I want to do the same thing for premiums. However, I need to load a new dataset.
rates <- read.csv("D:/HealthCare/Rate.csv", stringsAsFactors = FALSE)
I need to do some subsetting to stay with 2014 as well as get rid of premiums that are clearly outliers.
rates <- subset(rates, BusinessYear == 2014)
rates <- subset(rates, IndividualRate <= 9000 )
Now I’m going to do something very similar to my previous analysis. Using the aggregate command to find the mean premium for each state.
df2 <- aggregate(rates$IndividualRate, list(rates$StateCode), mean)

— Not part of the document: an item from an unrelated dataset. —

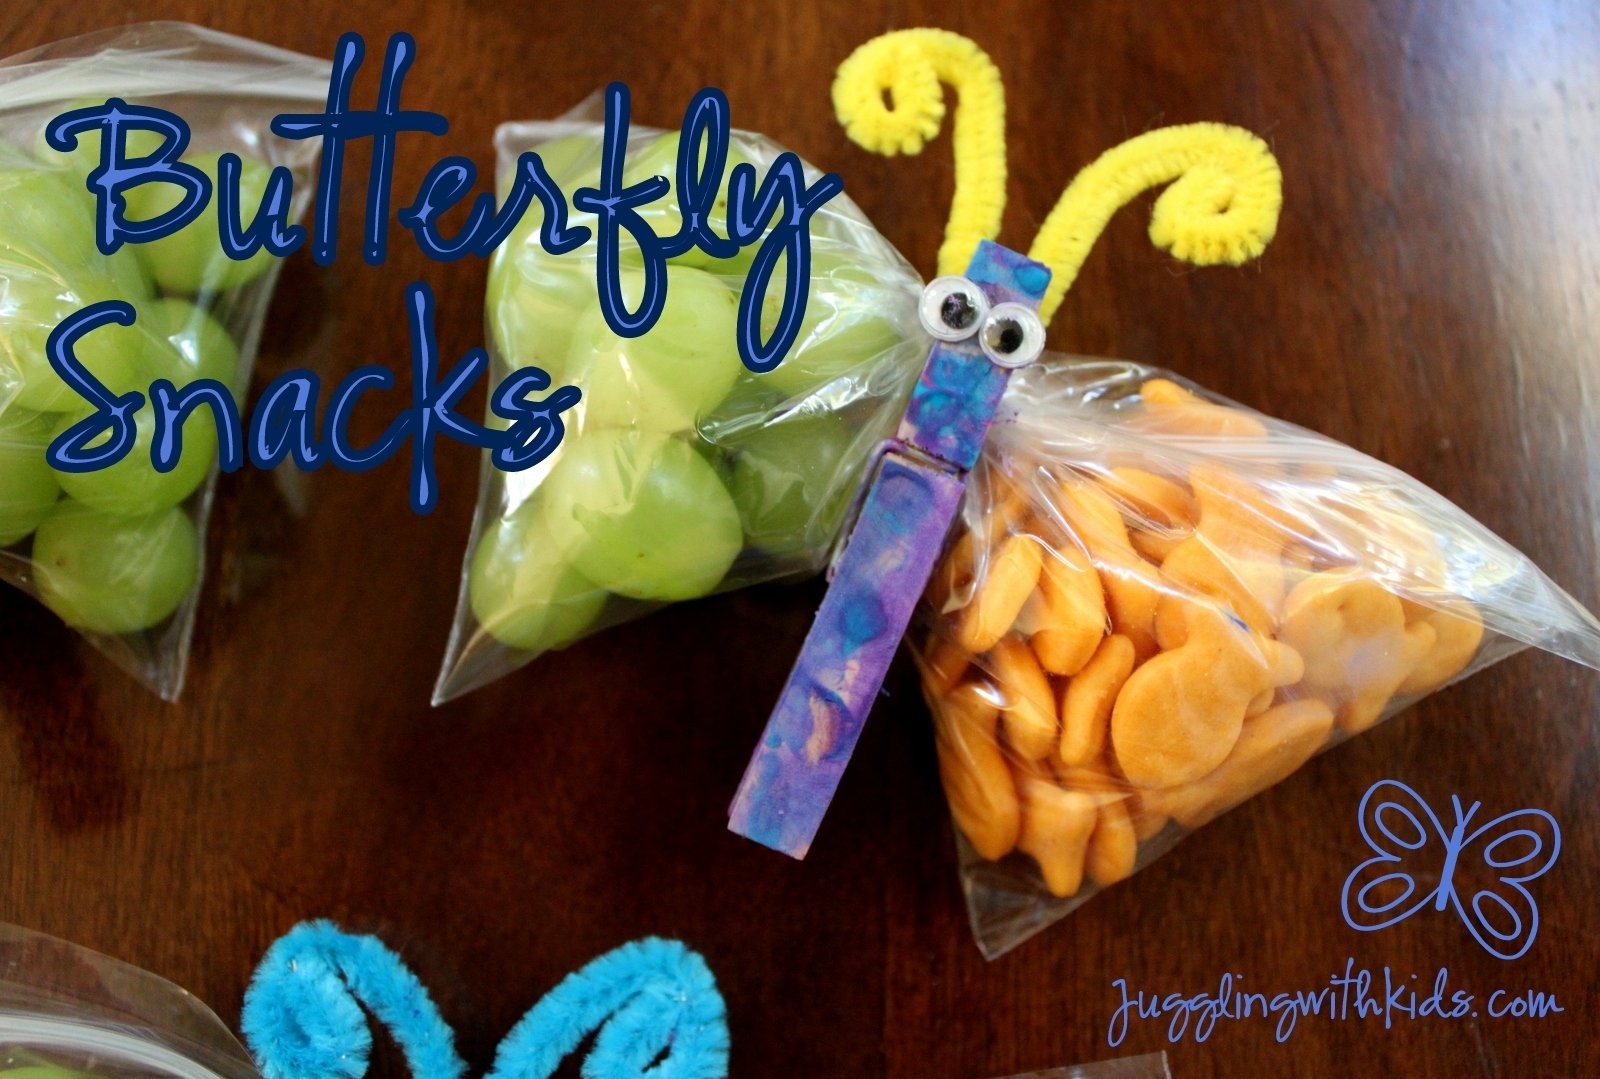 10 Attractive Snack Ideas For Kindergarten Class butterfly snacks juggling with kids 1 2022

names(df2) <- c("state", "rate")
df2
## state rate
## 1 AK 650.7317
## 2 AL 292.3891
## 3 AR 169.7941
## 4 AZ 350.4309
## 5 DE 280.9795
## 6 FL 218.4453
## 7 GA 236.2480
## 8 IA 341.8133
## 9 ID 318.5360
## 10 IL 379.0762
## 11 IN 467.1598
## 12 KS 262.5969
## 13 LA 382.3225
## 14 ME 351.8016
## 15 MI 276.0508
## 16 MO 150.4679
## 17 MS 318.3718
## 18 MT 246.7626
## 19 NC 343.6953
## 20 ND 305.5504
## 21 NE 317.8364
## 22 NH 277.3029
## 23 NJ 387.4788
## 24 NM 253.2623
## 25 OH 405.0188
## 26 OK 364.6755
## 27 PA 357.0630
## 28 SC 302.8206
## 29 SD 423.7412
## 30 TN 292.9453
## 31 TX 206.6470
## 32 UT 276.6910
## 33 VA 399.6042
## 34 WI 474.7037
## 35 WV 206.1048
## 36 WY 451.4465
Looks good. Now I will merge this new dataframe with the previous one that I constructed.
total <- merge(df,df2,by=c("state"))
datatable(total, class = 'compact')
Perfect. Let’s do another visualization.
ggplot(total, aes(x=rate, y=ideo))+
my_theme()+
geom_point(shape=1) +
geom_smooth(method=lm)+
labs(title= "", x="Monthly Premium", y="State Ideology Scores")+
ggtitle(expression(atop(bold("Do Blue States Fare Better Under the ACA?"), atop(italic("Association between liberal scores and Health Insurance Premiums"),""))))+
geom_text(aes(label=state), vjust=-1, hjust=0.5, size=2)+
theme(plot.title = element_text(size = 16, face = "bold", colour = "black", vjust = 0.5, hjust=0.5))
Here the relationship is a negative one. More liberal states do have lower monthly health insurance premiums, however this relationship isn’t statistically signficant, either.